DATA TO USE:
--*--

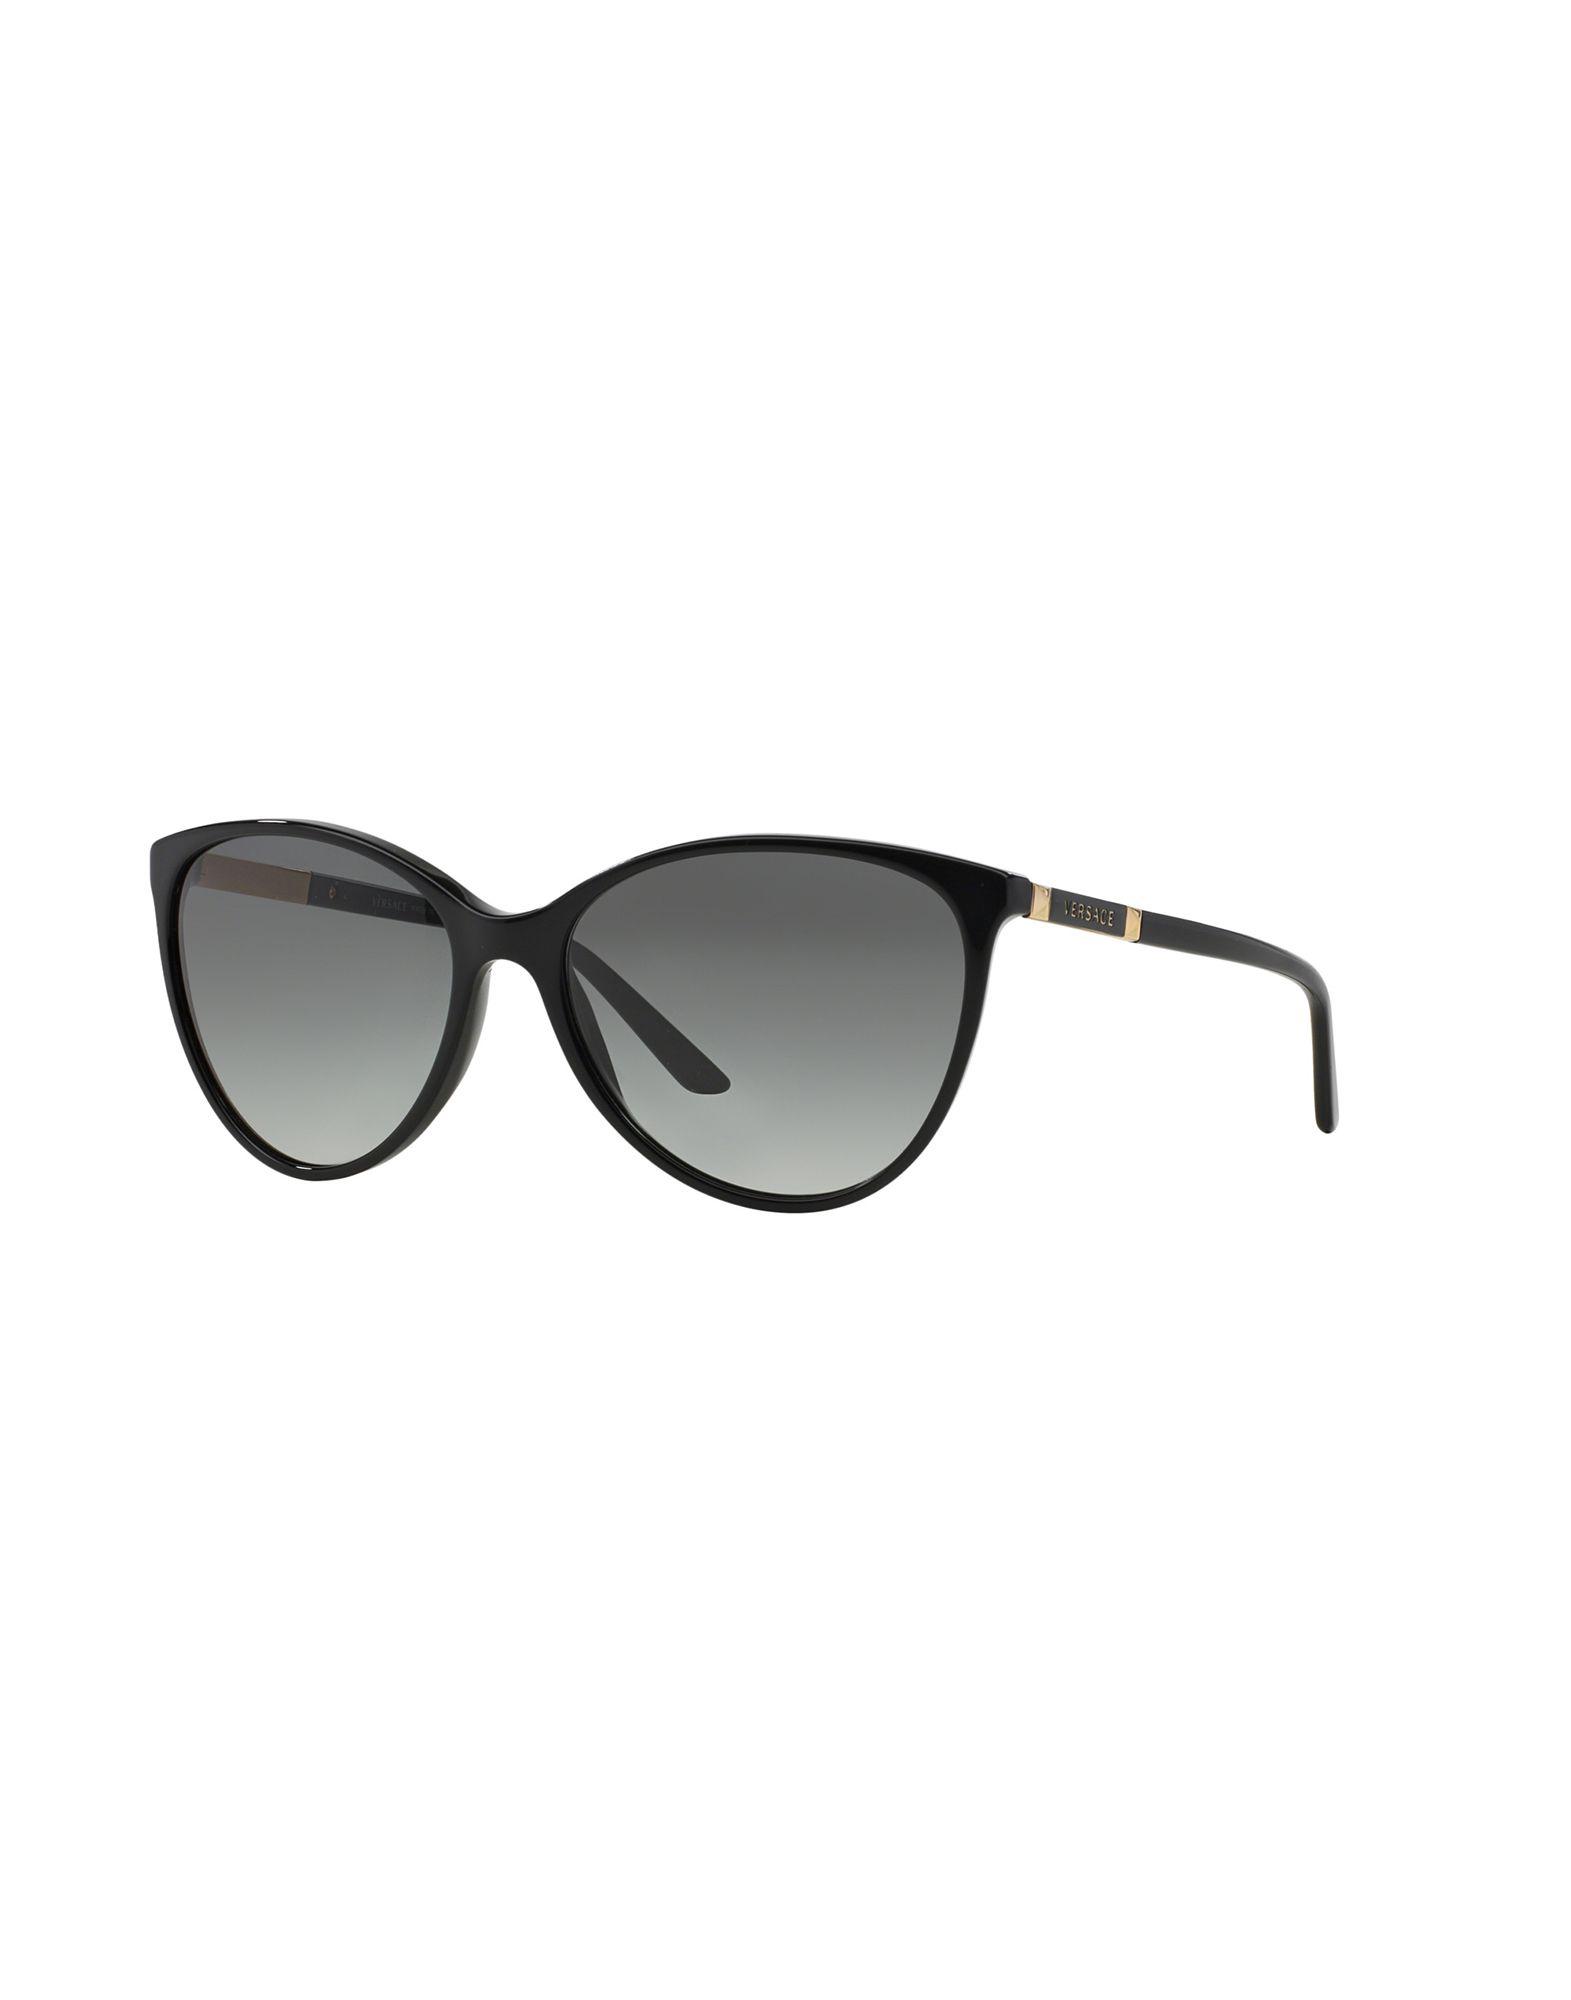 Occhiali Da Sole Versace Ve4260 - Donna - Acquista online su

--*--

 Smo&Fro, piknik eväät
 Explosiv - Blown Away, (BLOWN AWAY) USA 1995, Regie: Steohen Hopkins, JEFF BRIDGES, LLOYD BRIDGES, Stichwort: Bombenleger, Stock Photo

--*--

ABOUT THIS EXERCISE: Look above for the line holding "Smo&Fro, piknik eväät". Print it and every line after it, exactly, through the line holding "Explosiv - Blown".

ANSWER TO THIS TASK:
 Smo&Fro, piknik eväät
 Explosiv - Blown Away, (BLOWN AWAY) USA 1995, Regie: Steohen Hopkins, JEFF BRIDGES, LLOYD BRIDGES, Stichwort: Bombenleger, Stock Photo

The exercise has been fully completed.